DATA TO EXAMINE

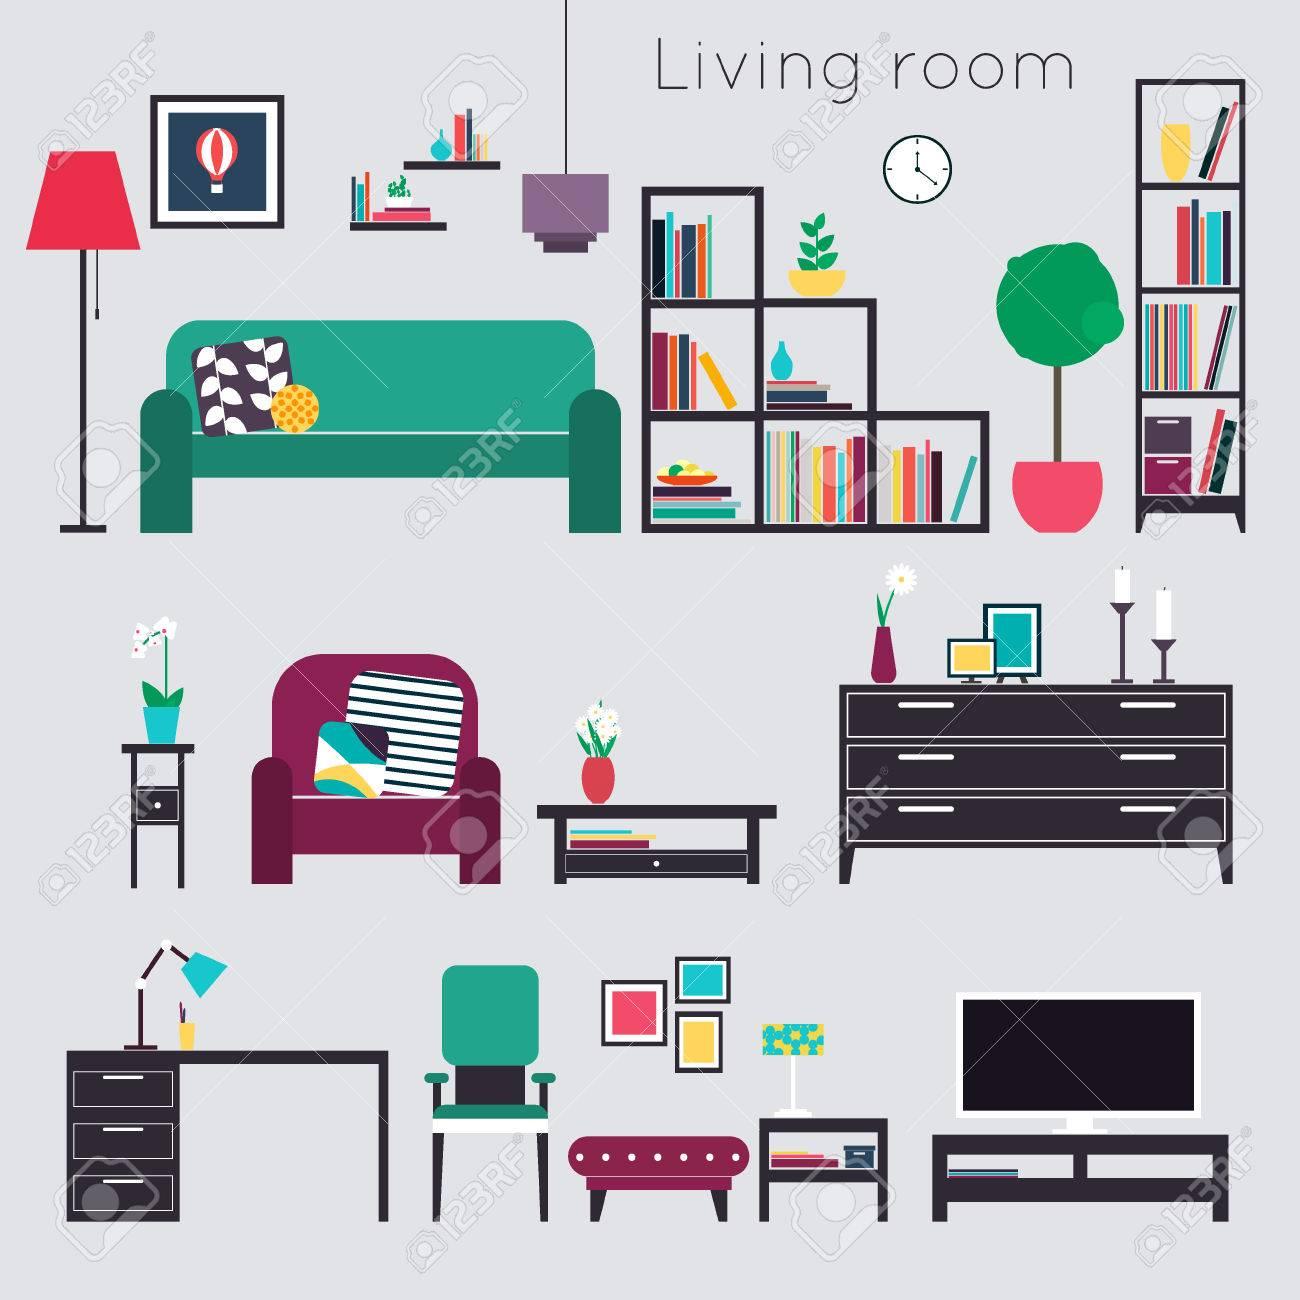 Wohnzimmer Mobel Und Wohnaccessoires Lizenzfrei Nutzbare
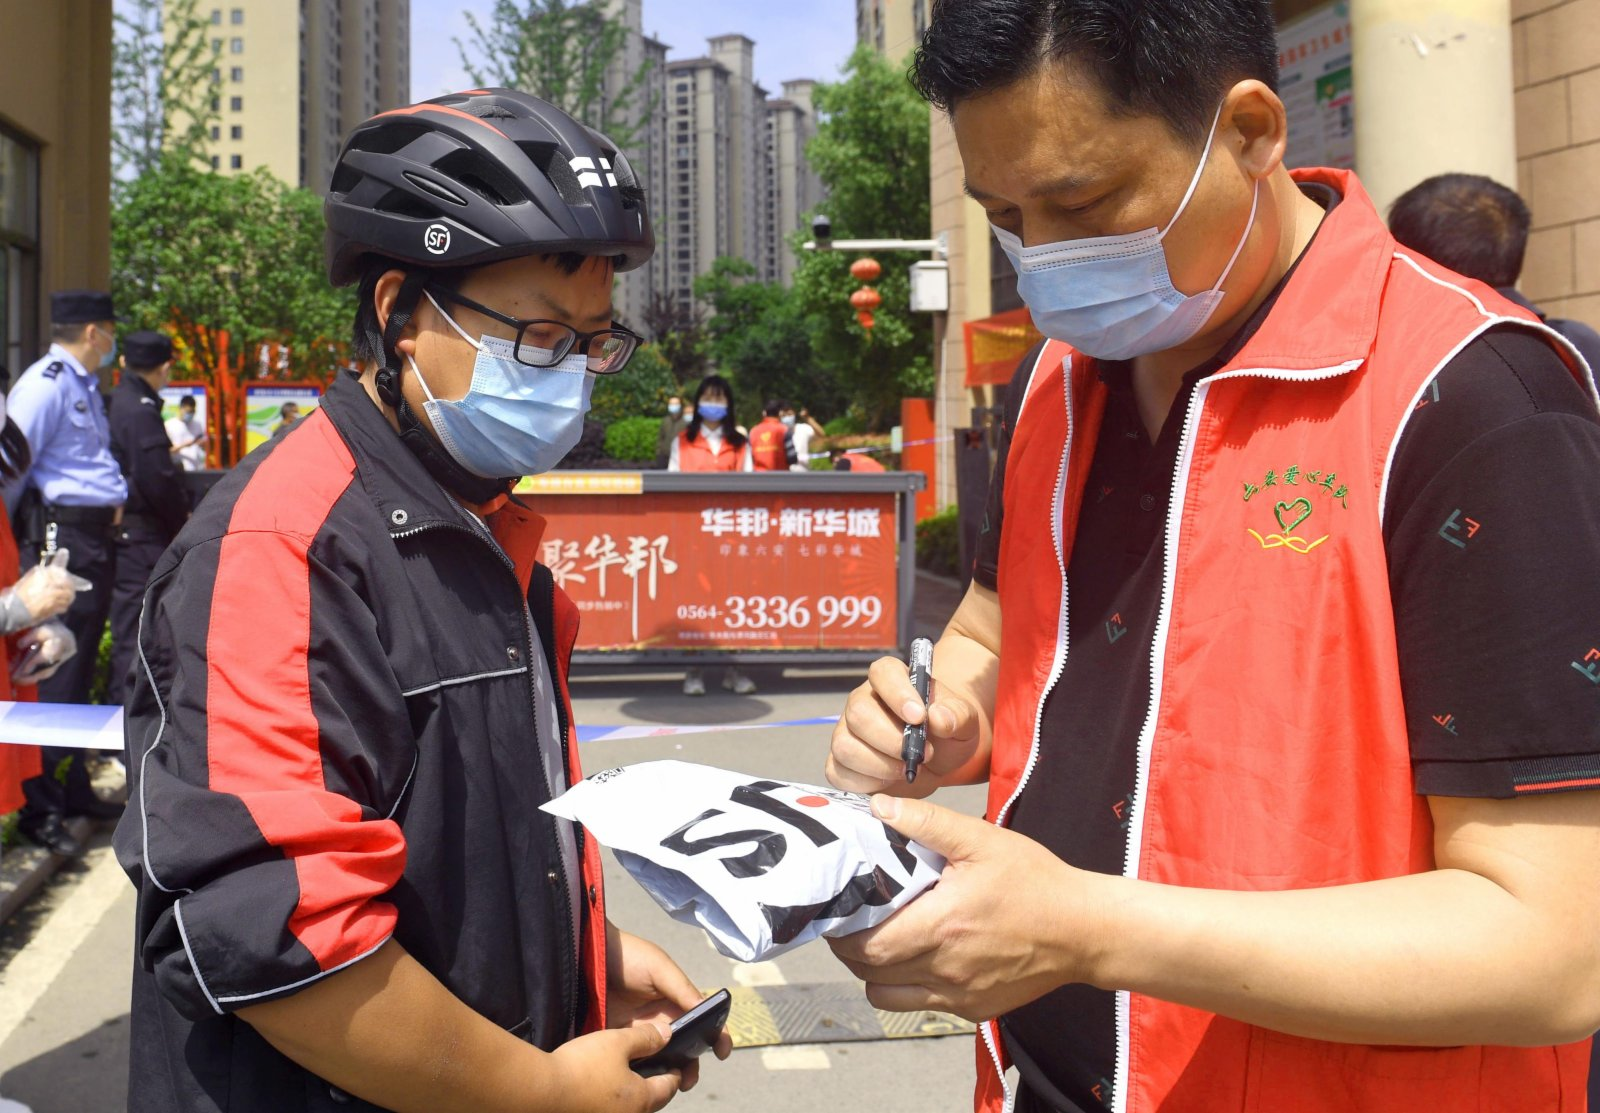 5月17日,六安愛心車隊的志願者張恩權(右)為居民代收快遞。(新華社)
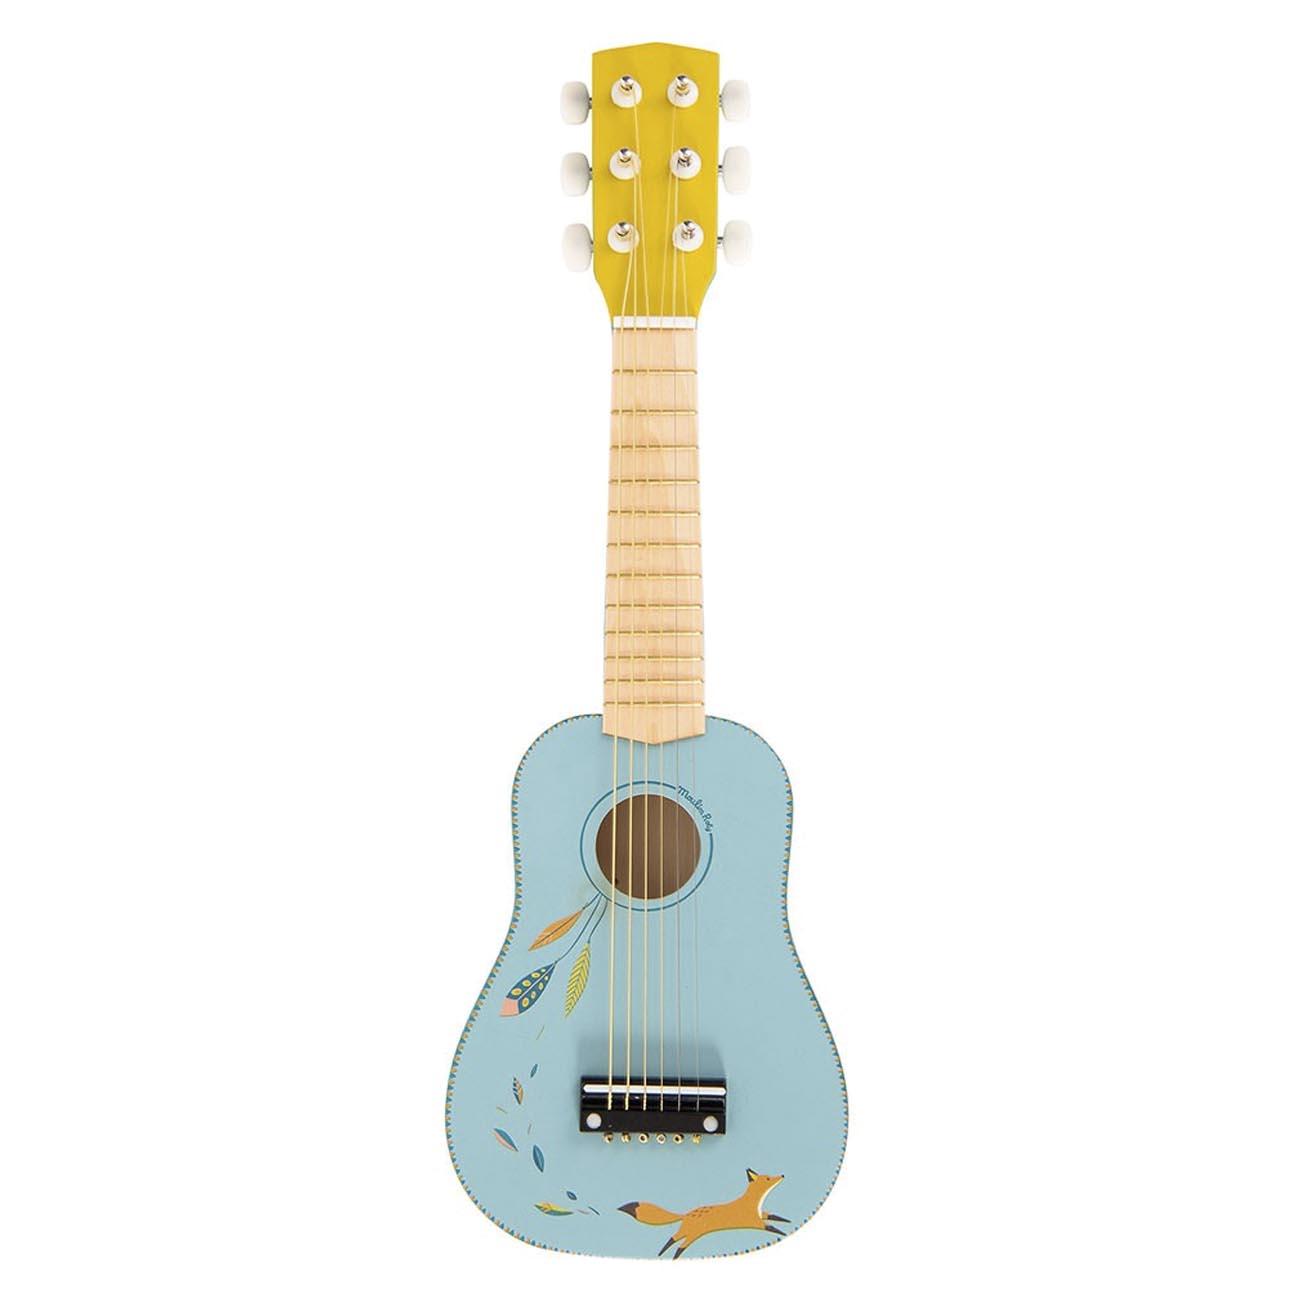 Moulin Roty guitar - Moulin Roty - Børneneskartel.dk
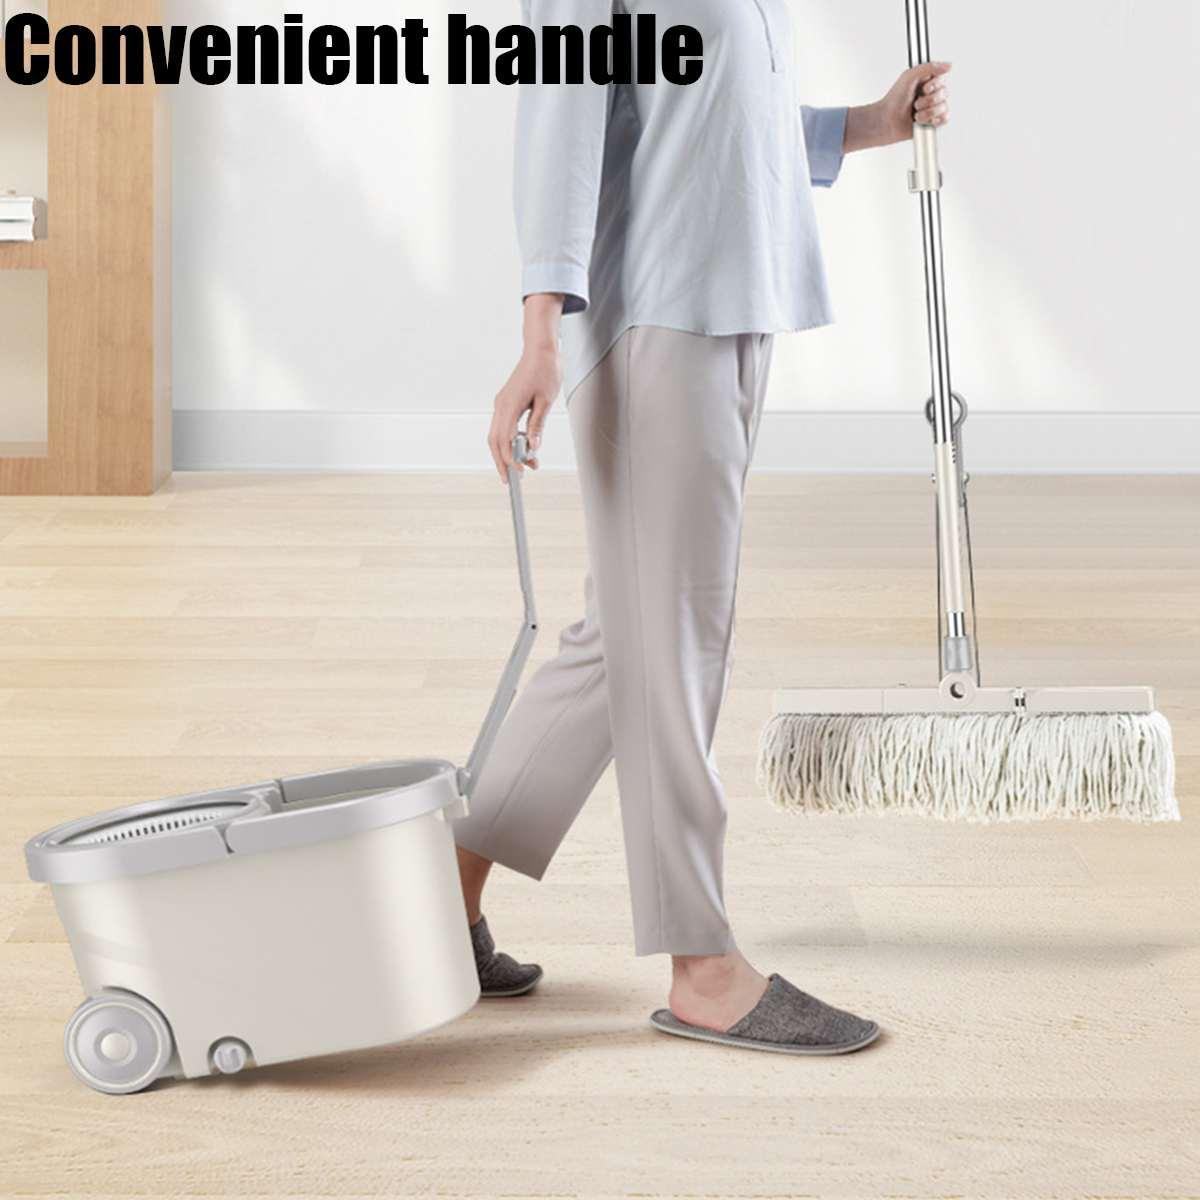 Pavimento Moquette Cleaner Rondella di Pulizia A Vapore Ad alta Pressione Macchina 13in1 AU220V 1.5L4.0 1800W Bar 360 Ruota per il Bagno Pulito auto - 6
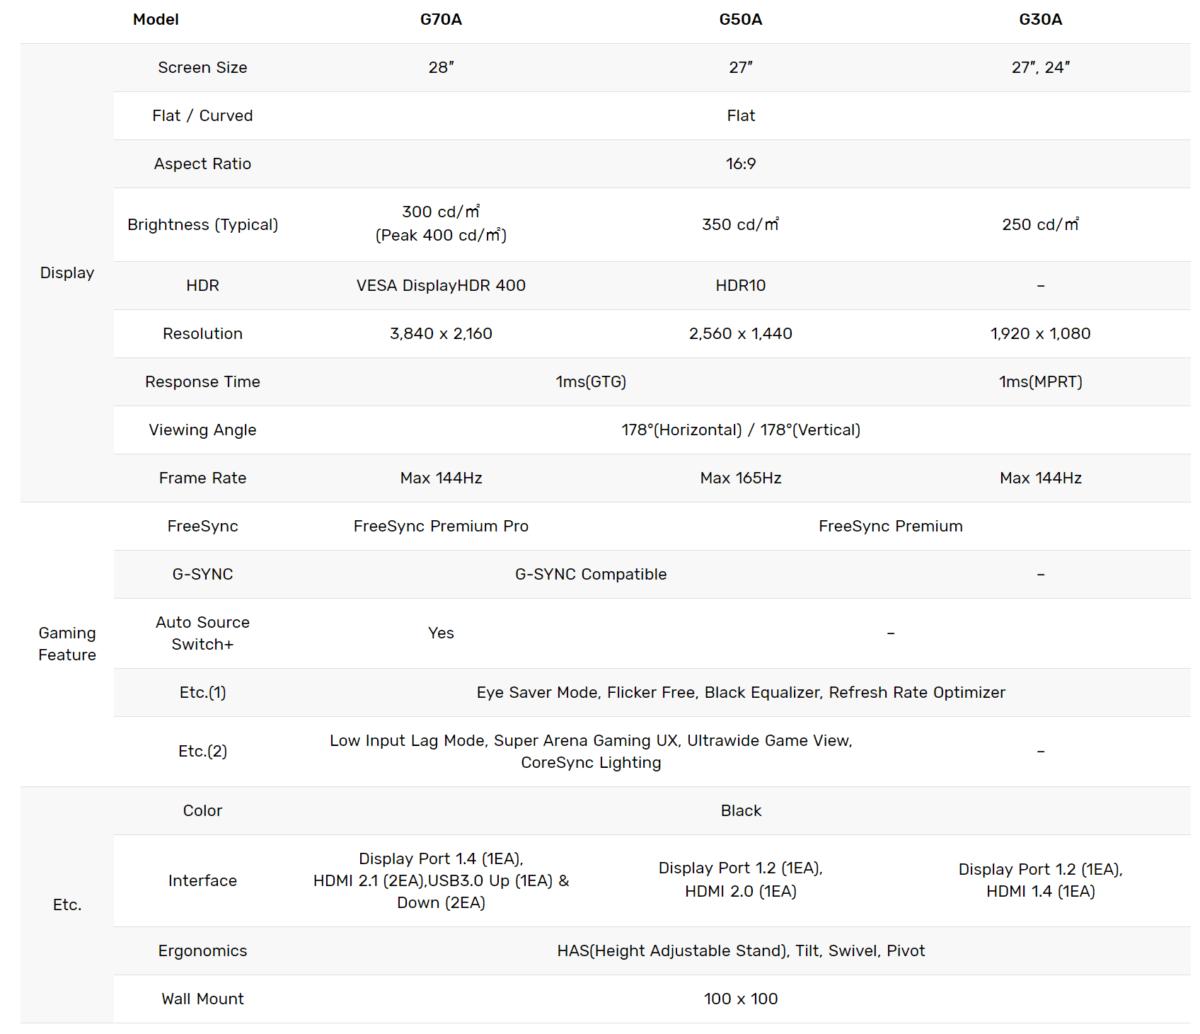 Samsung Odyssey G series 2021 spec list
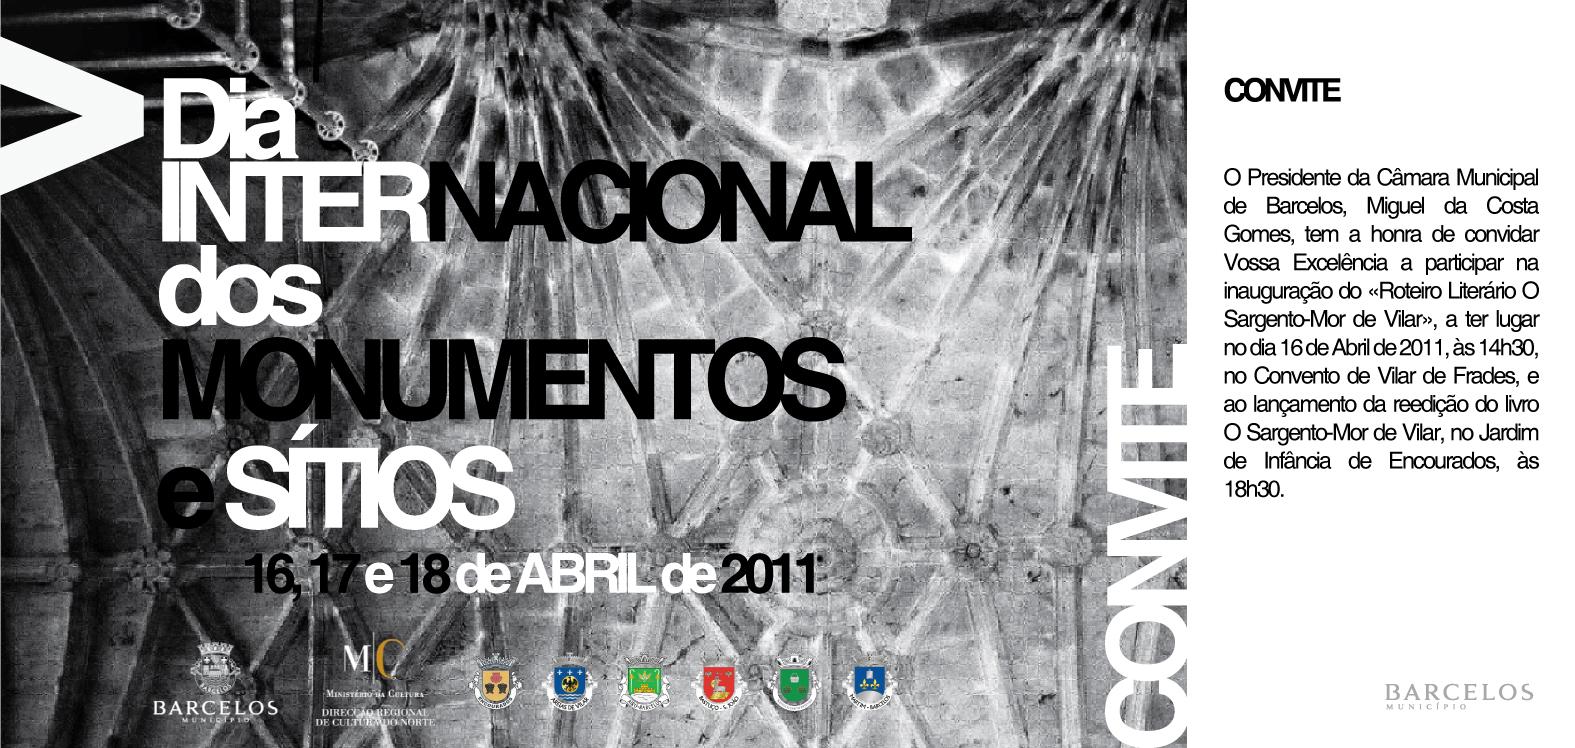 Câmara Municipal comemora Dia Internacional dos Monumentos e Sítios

ASSIGNED TASK
Print, word for word, every entry shown above; the pictures stay out.

RESULT OF THE EXERCISE
 Wohnzimmer Mobel Und Wohnaccessoires Lizenzfrei Nutzbare
 5月17日,六安愛心車隊的志願者張恩權(右)為居民代收快遞。(新華社)
 Moulin Roty guitar - Moulin Roty - Børneneskartel.dk
 Pavimento Moquette Cleaner Rondella di Pulizia A Vapore Ad alta Pressione Macchina 13in1 AU220V 1.5L4.0 1800W Bar 360 Ruota per il Bagno Pulito auto - 6
 Samsung Odyssey G series 2021 spec list
 Câmara Municipal comemora Dia Internacional dos Monumentos e Sítios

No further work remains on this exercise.